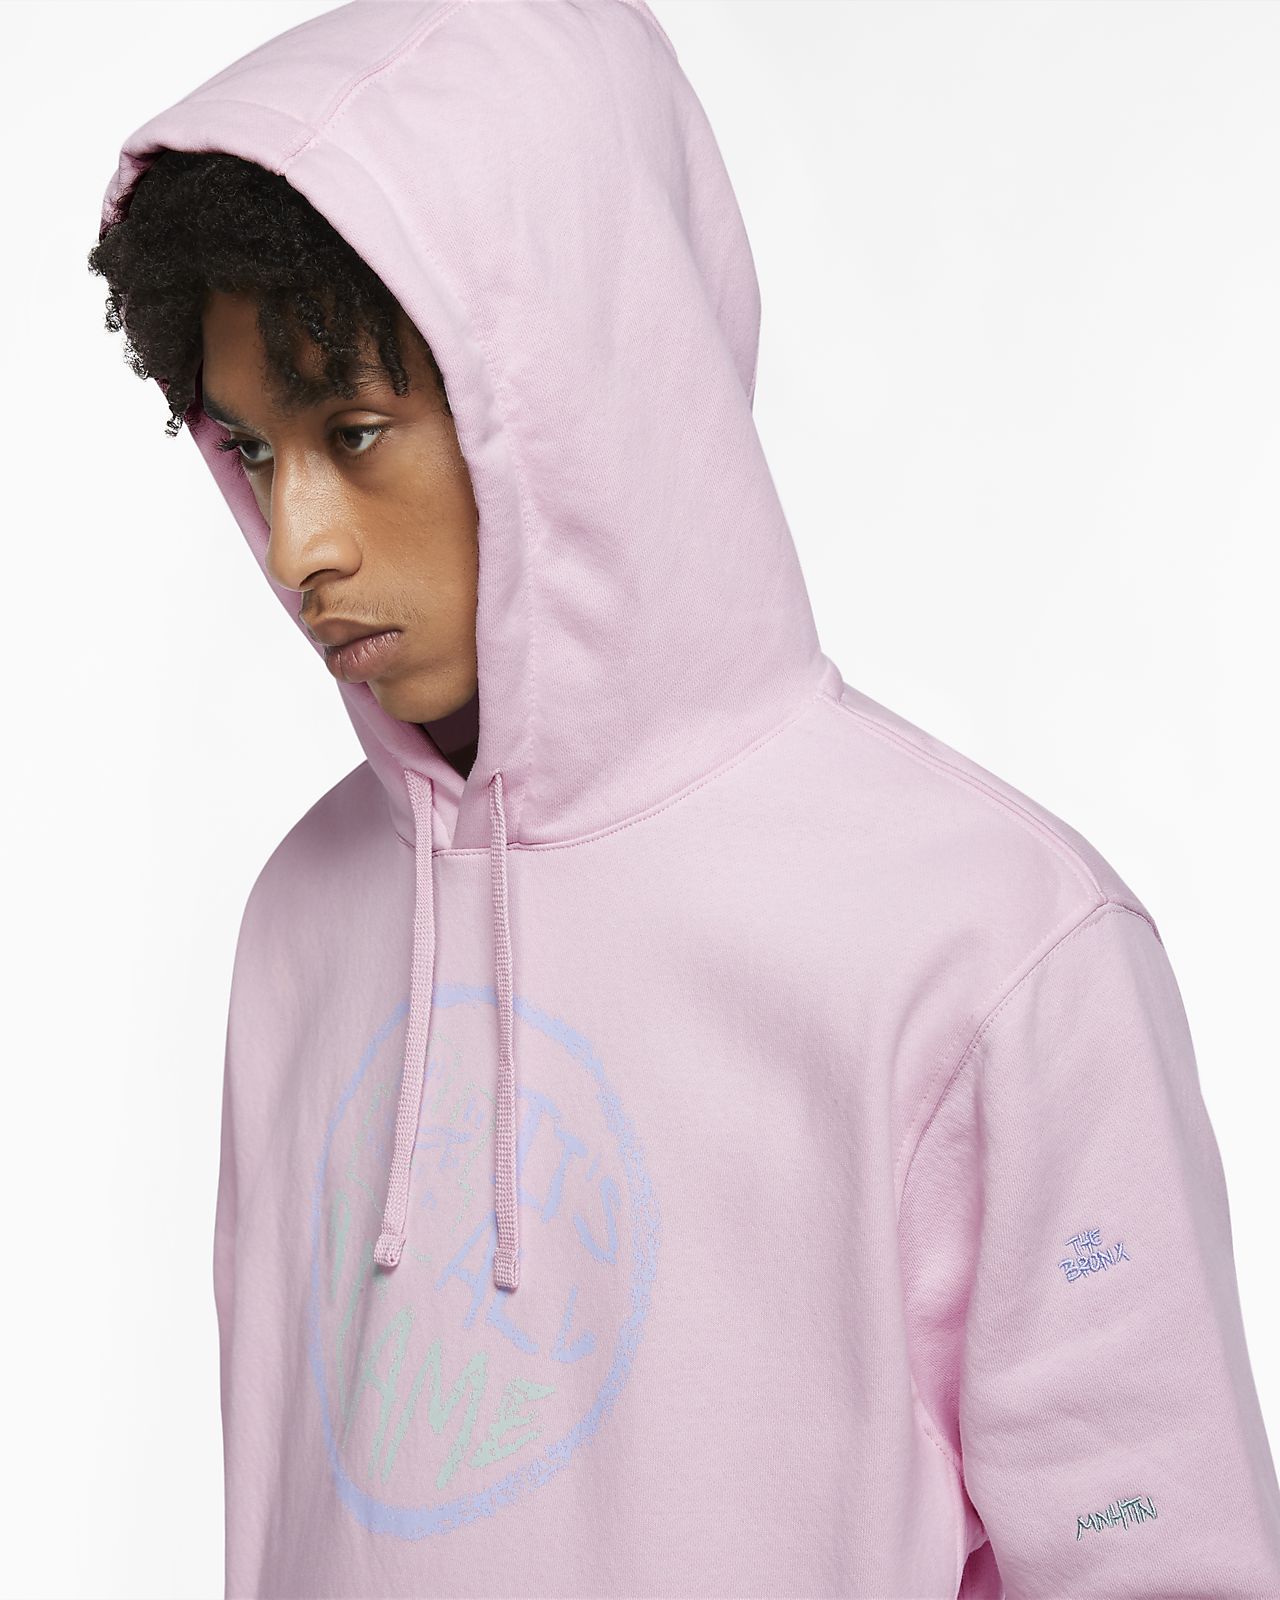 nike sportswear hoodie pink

==========

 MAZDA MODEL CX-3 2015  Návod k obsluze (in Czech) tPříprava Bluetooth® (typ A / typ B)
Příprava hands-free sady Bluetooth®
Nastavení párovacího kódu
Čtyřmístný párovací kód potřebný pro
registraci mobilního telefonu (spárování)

==========

**Assignment**:
From the data above, pick out each line containing "Bluetooth" and copy it.

**Task response**:
 MAZDA MODEL CX-3 2015  Návod k obsluze (in Czech) tPříprava Bluetooth® (typ A / typ B)
Příprava hands-free sady Bluetooth®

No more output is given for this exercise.